Number of degrees of freedom - defines the degree-of-freedom set for the final stage of the search. The actual search process introduces degrees-of-freedom in stages up to this value. Translation only suffices for a quick, preliminary investigation. Adding rotation will significantly improve displacement accuracy in most cases. Reserve strain degrees-of-freedom for cases when the highest precision is required.

3 = translation only
6 = translation plus rotation
12 = translation, rotation and strain

Objective function - defines the objective function template matching form. See B. Pan, Equivalence of Digital Image Correlation Criteria for Pattern Matching, 2010. Functions become increasingly expensive and more robust as you progress from sad to znssd. Minimizing squared-difference and maximizing cross-correlation are functionally equivalent.

sad = sum of absolute differences
ssd = sum of squared differences
zssd = intensity offset insensitive sum of squared differences (value not normalized)
nssd = intensity range insensitive sum of squared differences (0.0 = perfect match, 1.0 = max value)
znssd = intensity offset and range insensitive sum of squared differences (0.0 = perfect match, 1.0 = max value)

Notes on objective function values:

The normalized quantities nssd and znssd are preferred, as quality of match can be assessed.
The natural range of nssd is [0.0 to 2.0], and of znssd is [0.0 to 4.0].
Both are scaled for output into the [0.0 to 1.0] range for ease of comparison.

Interpolation type - Defines the interpolation method used during template matching. Options: nearest, trilinear, tricubic.

Trilinear is significantly faster, but with known template matching artefacts.
Trilinear is most useful for tuning other search parameters during preliminary runs.
Tricubic is computationally expensive, but is the choice if strain is of interest.

Sampling Points in subvolume - Defines the number of points within each subvolume (max is 50000). In this code, subvolume point locations are NOT voxel-centred and the number is INDEPENDENT of subvolume size. Interpolation within the reference image volume is used to establish templates with arbitrary point locations.

For cubes a uniform grid of sampling points is generated.
For spheres, the sampling points are randomly distributed within the subvolume.

This parameter has a strong effect on computation time, so be careful.
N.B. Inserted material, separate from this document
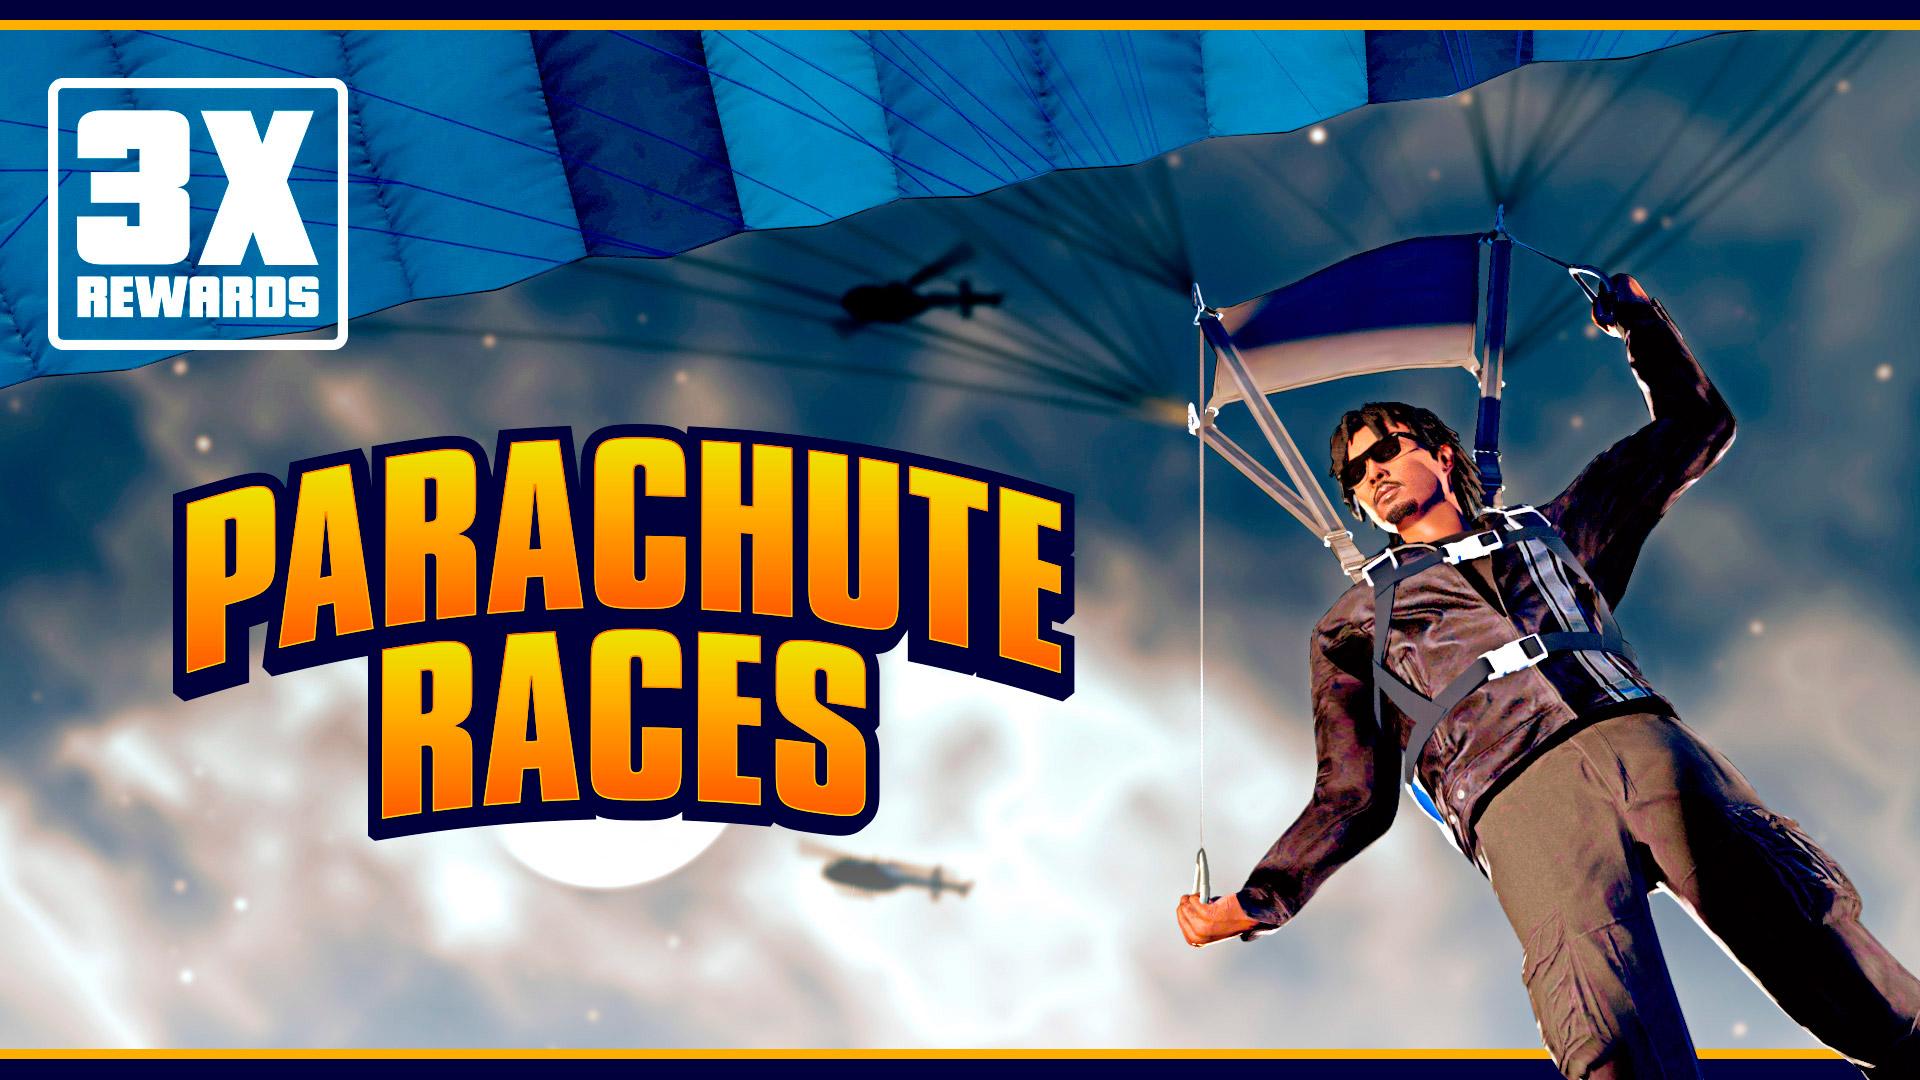 https://media.rockstargames.com/rockstargames-newsite/uploads/gtaonline/event204/parachute.jpg
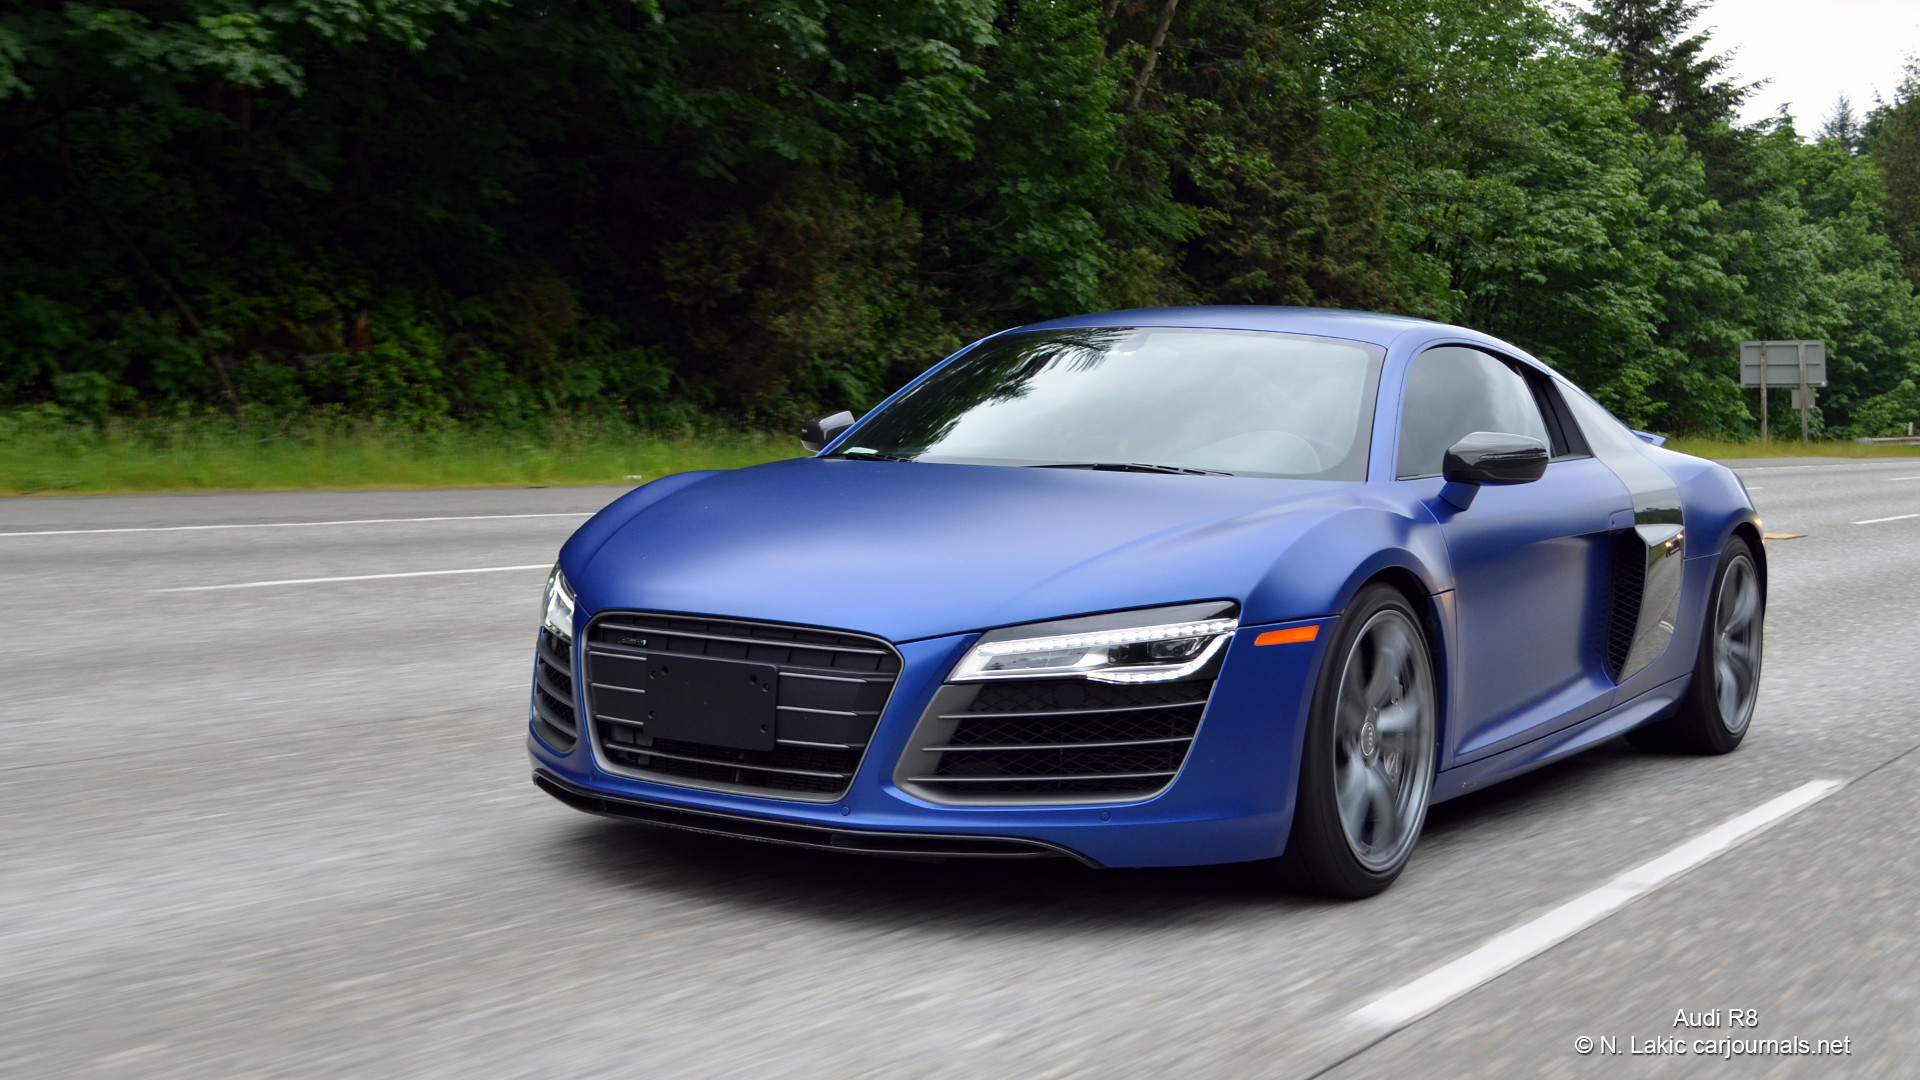 HD Car Wallpapers – Blue Audi R8 – Car Journals

You can then either run a Single run, or a Bulk run:

A single run will run with the current point cloud you have generated, you only need to select the number of sampling points in the subvolume region.
If you select to run in bulk, this will use the loaded or generated point cloud and run dvc analysis changing the parameters subvolume size and sampling points in subvolume. You can set the minimum and maximum subvolume size you would like, and the size of the step between these values, and similar for the sampling points. In the example above, this would perform runs on point clouds with subvolume sizes 30, 60 and 90, and number of sampling points 1000, 2000, 3000, 4000, 5000, 6000, 7000, 9000 and 10000, so 30 runs in total.

For every run, any point clouds and input files to the DVC analysis code that are generated are saved in the session files, which you are able to access if you export your session (see Exporting Sessions).

Run Progress

Whilst the DVC analysis is running, you will see updates on its progress, as below:

The 1/1 on the first line indicates that it is on run 1 out of a total of 1 run, and then on the next line it shows it is on point 20 out of a total of 4630 for this run. Following this we have:

[x,y,z] location of the point.
The search status:

Point_Good = successful search convergence within the max displacement.

Range_Fail = max displacement exceeded; consider increasing the disp_max parameter.

Convg_Fail = maximum iterations exceeded; consider increasing subvol_size &/or npts.
The magnitude of the objective function value at the end of the search is listed as obj=

For obj_function = sad, ssd, and zssd the value is relative, depending on subvolume size and pixel values.

For obj_function = nssd and znssd the value is scaled between 0 and 2, with zero a perfect match.
The point [x,y,z] displacement is listed next for successful searches.